He motioned to the room with its tip, angling it downward until it was aimed at our throats. “Not I, nor the druids, or even theacolytes.” Perhaps I imagined the way he spat out the latter like a kernel stuck in his teeth.

He paused once the blade’s point landed on our joined hands, as if deciding where best to slice them apart. I tightened my grip.

“When a rat dares nip at the ankle of a wolf, what choice does the pack have but to tear it limb from limb? Else the colony believes it has the claws to match to rest.” Returning the blade to a strap hidden under the folds of his robe, he crossed two vambraced forearms over his chestplate and scanned the chamber.

“As I decreed, laurellian males are to follow me. Without noise, without delay. Without so much as a godsdamned sneeze.” The silence was thicker than oil. “Women”—his large boot edged forward—“you will remain sequestered here until sunrise, when your offering is due.”

The boot halted, the tip of it parallel to the point of my slippers.

“Unless, of course, one of your hands is bloodied, too. A snake is a snake, no matter what sits between its thighs…” His helm lowered, as if perusing the length of my body. “Drenched in sin or otherwise.”
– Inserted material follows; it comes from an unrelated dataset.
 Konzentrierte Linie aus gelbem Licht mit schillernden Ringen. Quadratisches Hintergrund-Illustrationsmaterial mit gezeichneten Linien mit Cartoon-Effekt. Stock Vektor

I flushed hot, head dipping to my skirts to check I’d unbunched them properly. He couldn’t have meant…

“By the Blood God’s wrath, we will find who did this, or else make your offering a deliverance of pain as well as blood.Paxiams.”
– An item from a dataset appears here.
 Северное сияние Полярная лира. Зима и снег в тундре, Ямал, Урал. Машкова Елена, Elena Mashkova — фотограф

The clink of shuffling armour had me swerving left, colliding into the side of Demetri. I peered up at him. Gone was that strange neutrality; instead, his face was that of an open wound, vulnerable and weeping.

In it, I saw the truth. There would be no making good on our promise. No more touches, no more whispered, distracting words. No more pleasantries or pinches ‘til sunrise.
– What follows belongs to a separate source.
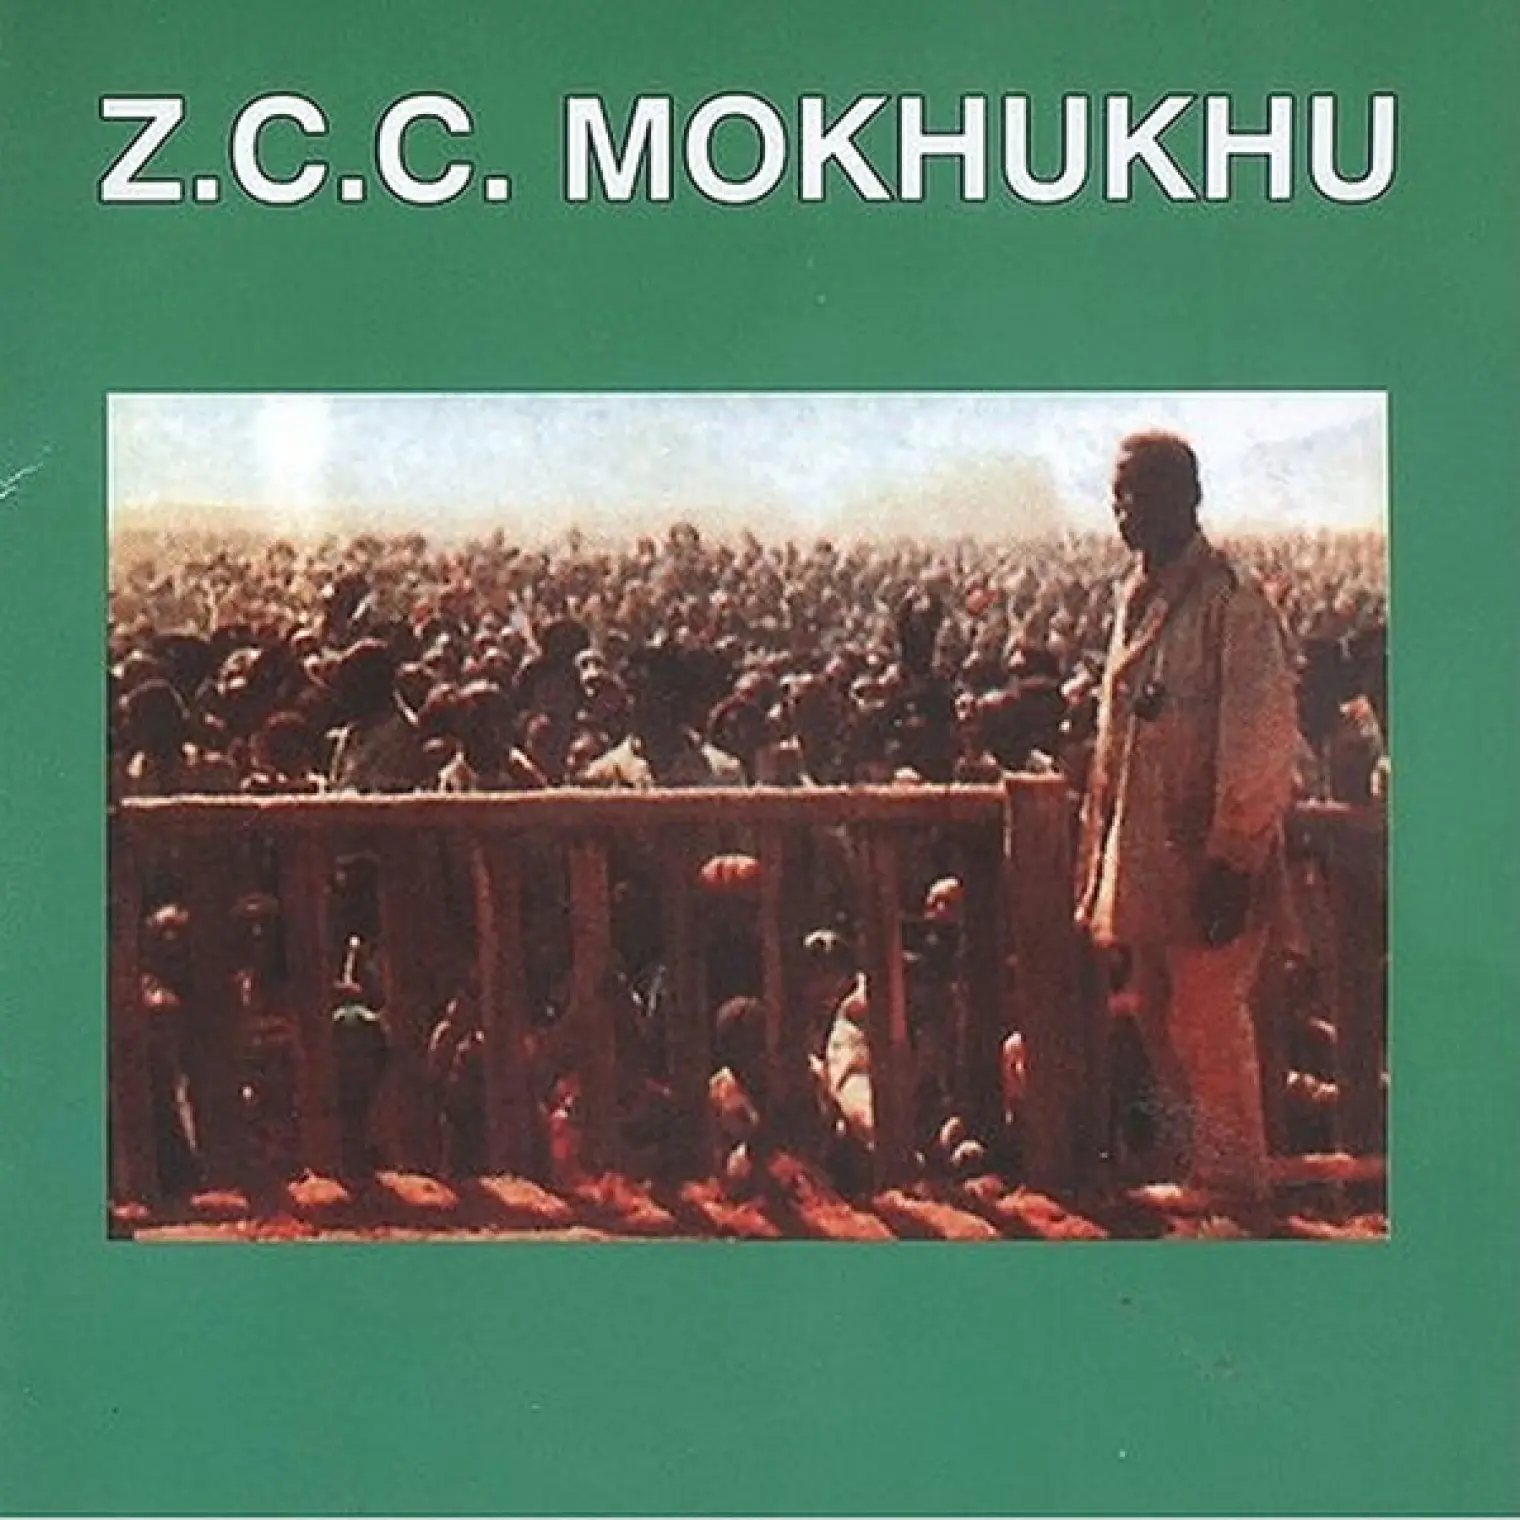 Mokhukhu -  Z.C.C. Mokhukhu

“Don’t leave,” I hissed, nails crescent-mooning his forearm as the paxiams edged closer. “Don’t go—” I seized his face, the whisper of a beard scraping my palm as my fingers pressed into the fine curve of his bones. “Let them smite us here, upon these cushions. We’ve always known this is how it must end…what is but a few turns earlier?”

I tried not to wince at my voice, each syllable fissured and sharp.

The paxiams started to round the men up like fodder, closing in from all sides. Their grunts rebounded off the domed ceiling as they pushed and prodded them towards the doors.

“A few turns iseverything, darling, when you have so little left.” Demetri’s voice was soft, his touch far gentler than mine. Kind fingers combed hair away from my face, thumbs returning to stroke the bow of my lips. “Each minute and second there is air in your lungs and a beating heart in your chest is a boon. Do not squander a moment of it, even if we must say our goodb—”

The blunt end of a spear slammed into his ribs, the red gleam of paxiam armour replacing the white of his shirt that had stood before me only a moment before. He staggered into the wall, clutching his side.

I lurched towards him, but someone hauled me back, two sets of arms throwing me against the ruins of our cushioned fort.Confronted with their armour-clad backs, the paxiams spoke only to Demetri.

“Crave a taste of the pointy end? Then, haste, laurel!”

Winded and gasping, they dragged him to his feet. Gauntleted hands clamped over his shoulders, forcing him forward as he tried to twist and writhe from their hold. Ushered through the doors, his last words were drowned beneath the thumping of boots and the clatter of metal. The Butcher’s bulk eclipsed the threshold, his crimson cloak blocking any final glimpse of Demetri as the darkness of the corridor consumed him.

I hollowed.

Arms binding round my chest, I squeezed and squeezed, lest all of me crumble to the throw at my feet.

“For Blood Demands Blood,” a feather-plumed paxiam declared, locking the doors now that the men were all gone.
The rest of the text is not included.